Evaluating the mechanical characteristics and thermogravimetric analysis of glass fiber/epoxy composites with copper, graphene, and aluminum nanofillers

This study compares three different types of nanofillers incorporated into glass fiber-reinforced epoxy, graphene nanoplatelet, aluminum (Al), and copper (Cu). The study assesses how adding these three-nm types of nanofillers to glass fiber-reinforced epoxy composites enhances their thermal decomposition and mechanical characteristics. The hand lay-up method was used to fabricate the composites.
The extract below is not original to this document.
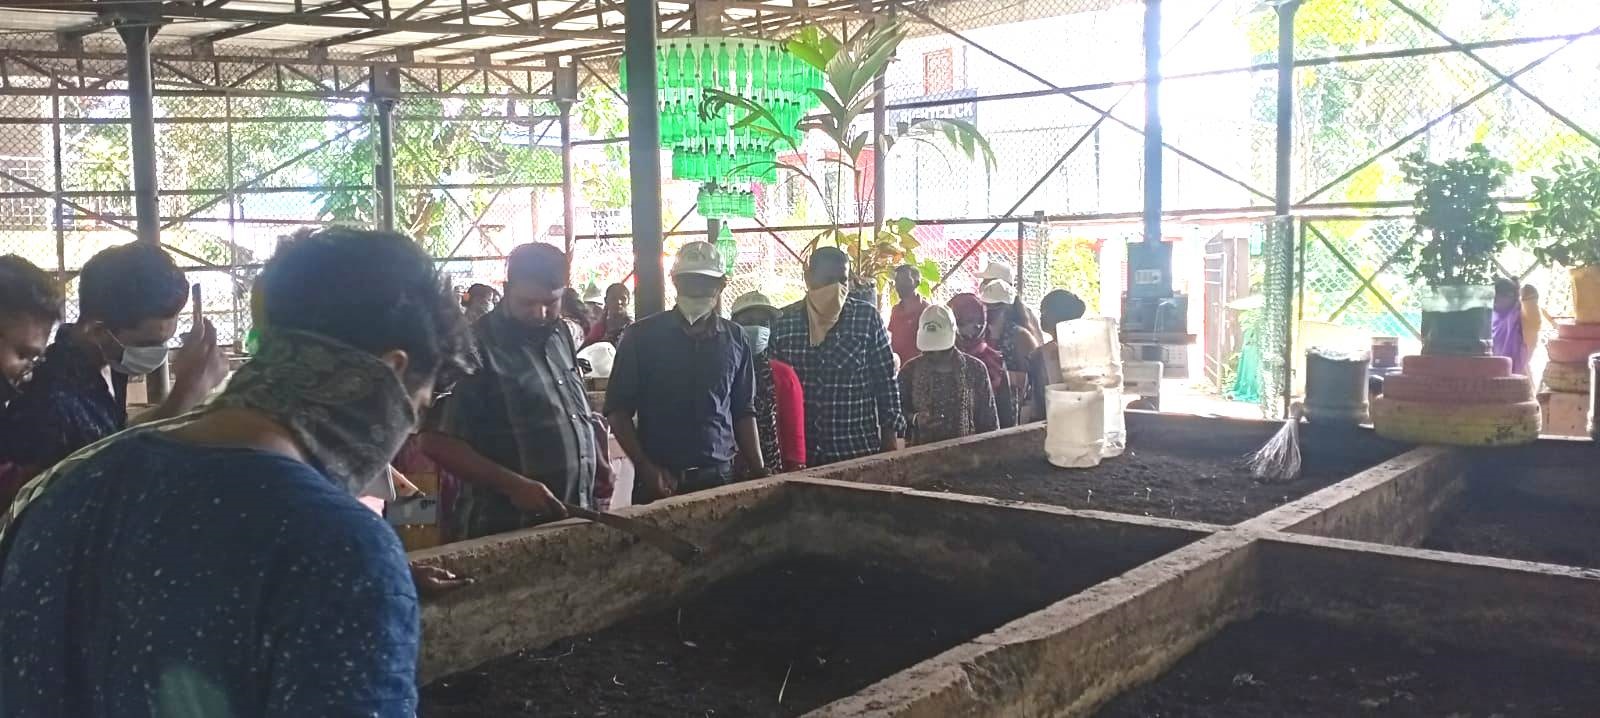 Participants observing the composting pit at Gandhi Park, Port Blair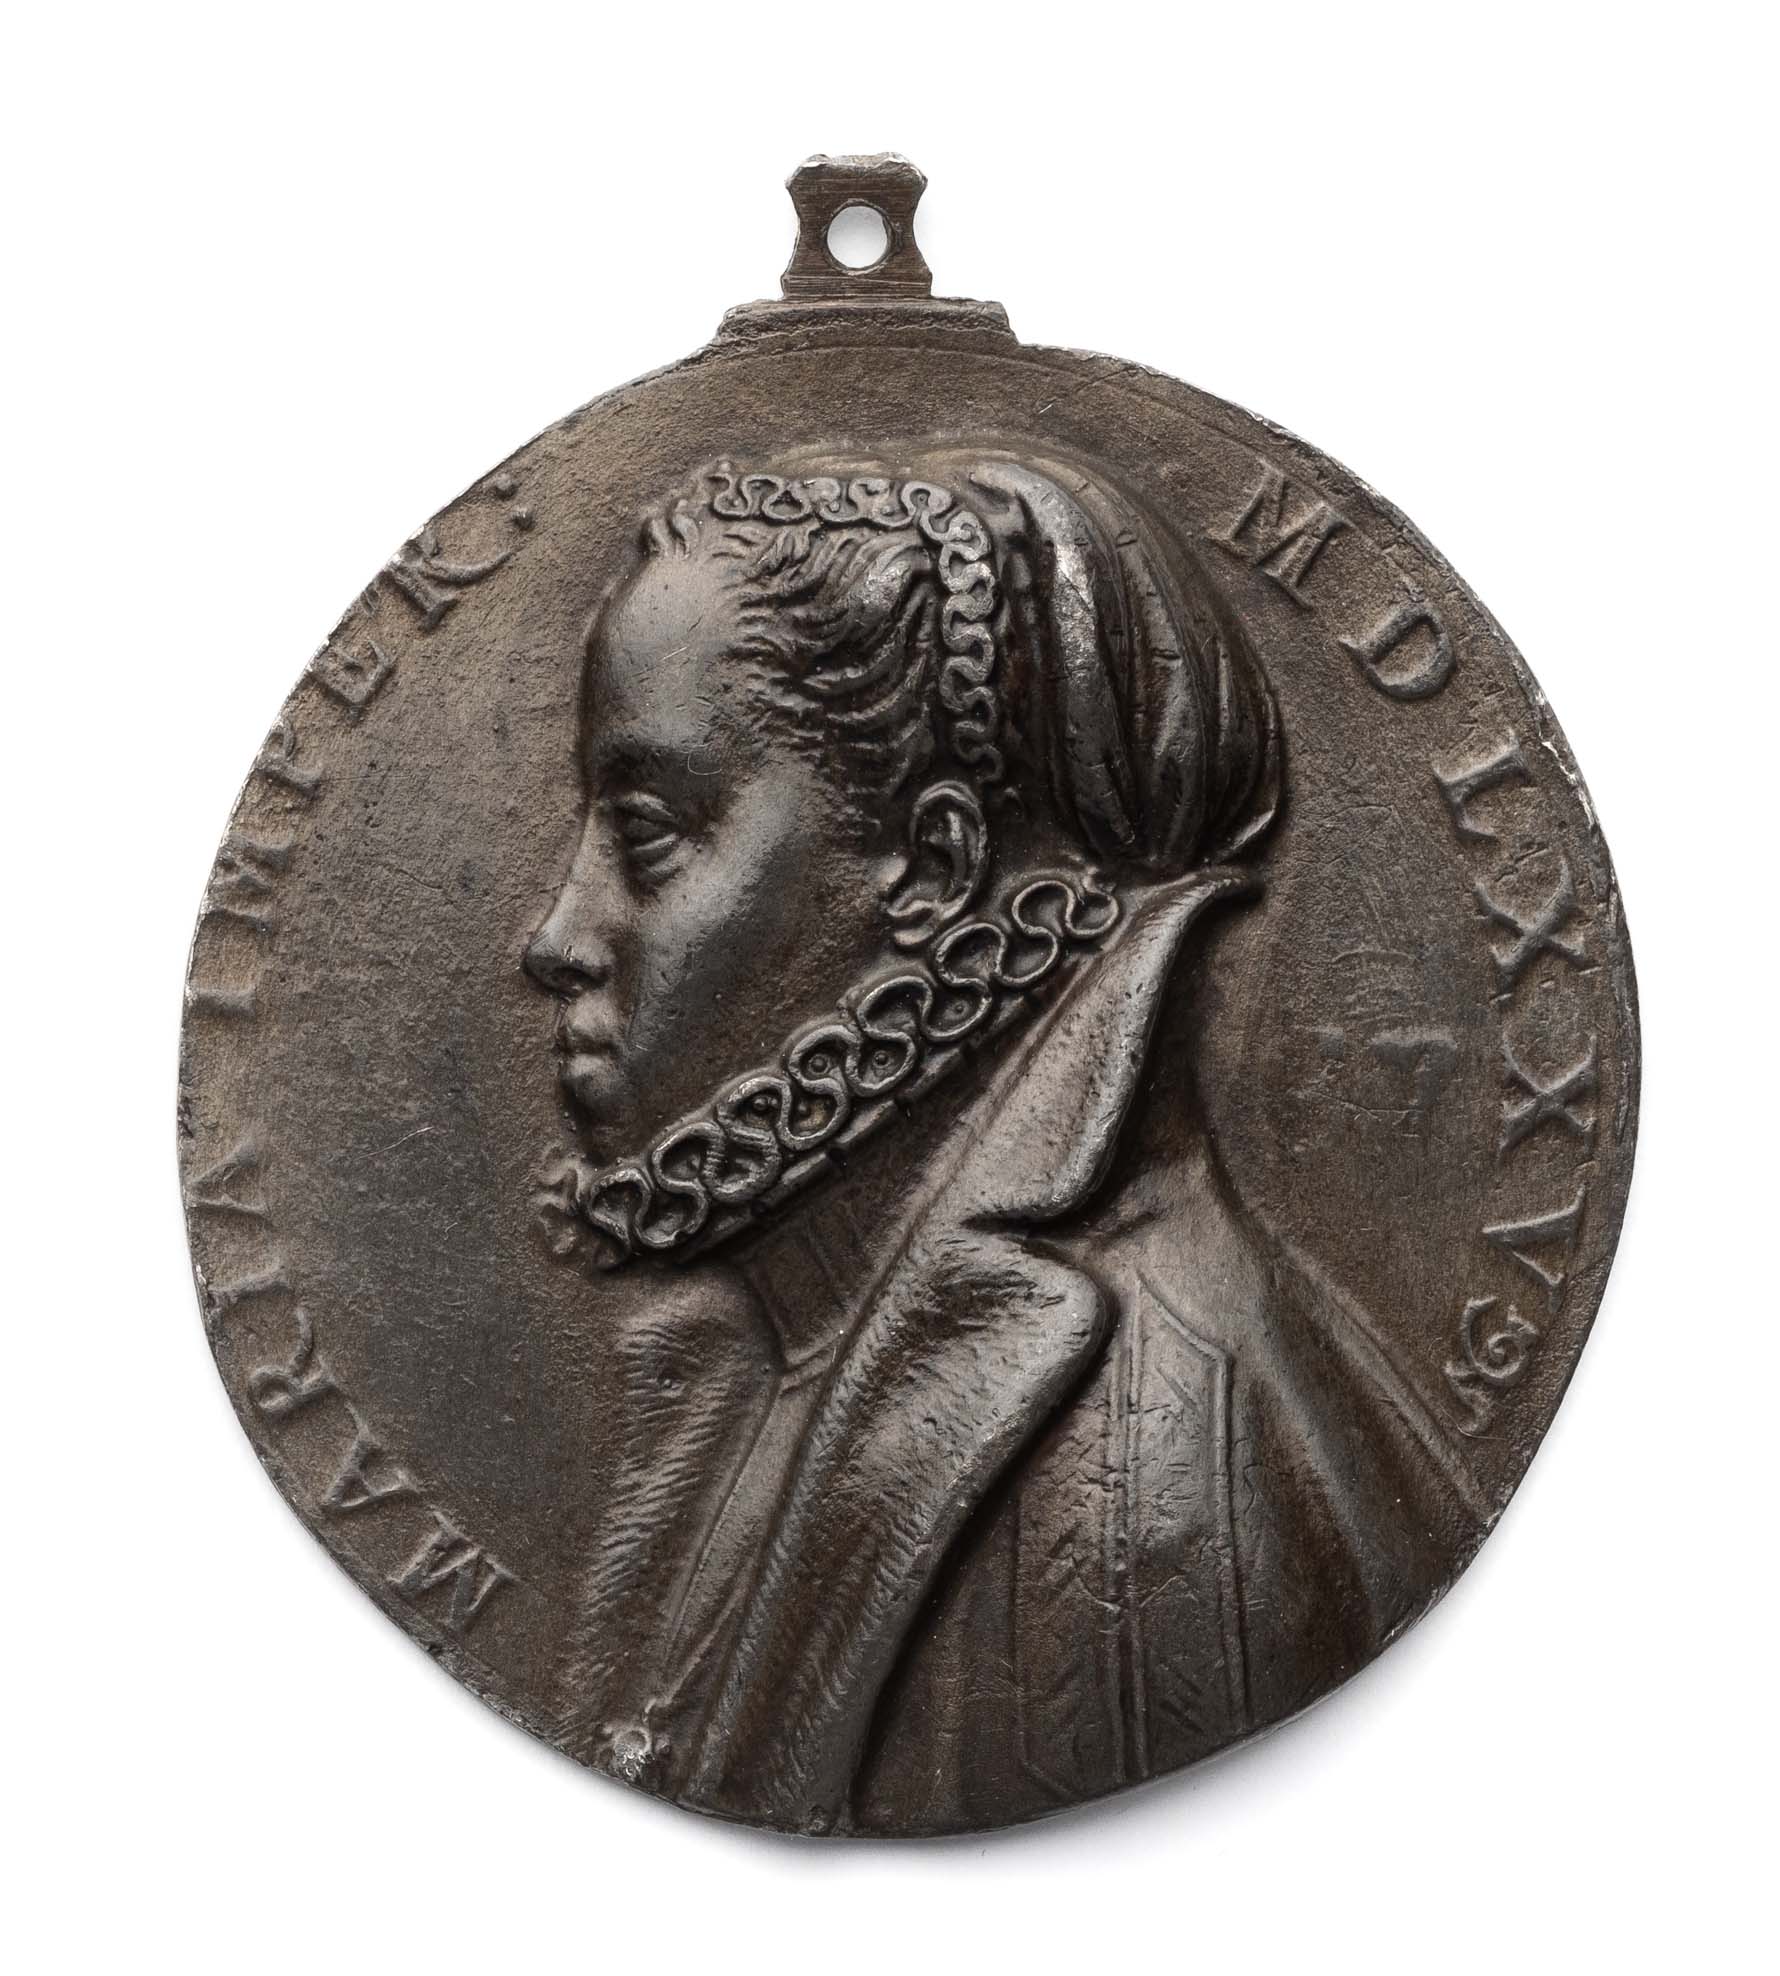 □ A SMALL MEDAL OF MARIA OF AUSTRIA, AFTER ANTONIO ABONDIO (1538-1591), 18TH / 19TH CENTURY

The volume percentage of glass fiber was maintained at 35% while 0.5 wt % of graphene nanoplatelets, Al, and Cu nanoparticles were introduced. To achieve even dispersion of the nanofillers throughout the epoxy resin, they were mixed with the resin and then dispersed by an ultrasonic processor. Surface morphology and thermal decomposition of the manufactured composites were examined using a scanning electron microscope and thermogravimetric analysis, respectively. The results showed that adding graphene nanoplatelet produced a maximum enhancement of 21.7%, and 11.2% in the tensile strength and tensile strain. An enhancement of 1.3%, 60.8%, and 25.9% in flexural strength was obtained with adding Al, Cu, and graphene nanoplatelet, respectively, as compared to the control. Furthermore, an enhancement of 26%, 16.7%, and 28.3% in flexural strain was obtained with incorporation of Al, Cu, and graphene nanoplatelet, respectively. Thus, the thermal decomposition and mechanical parameters, such as tensile, flexural, wear resistance, and hardness of the nanomodified composites, were improved compared to glass fiber-reinforcement epoxy without any filler.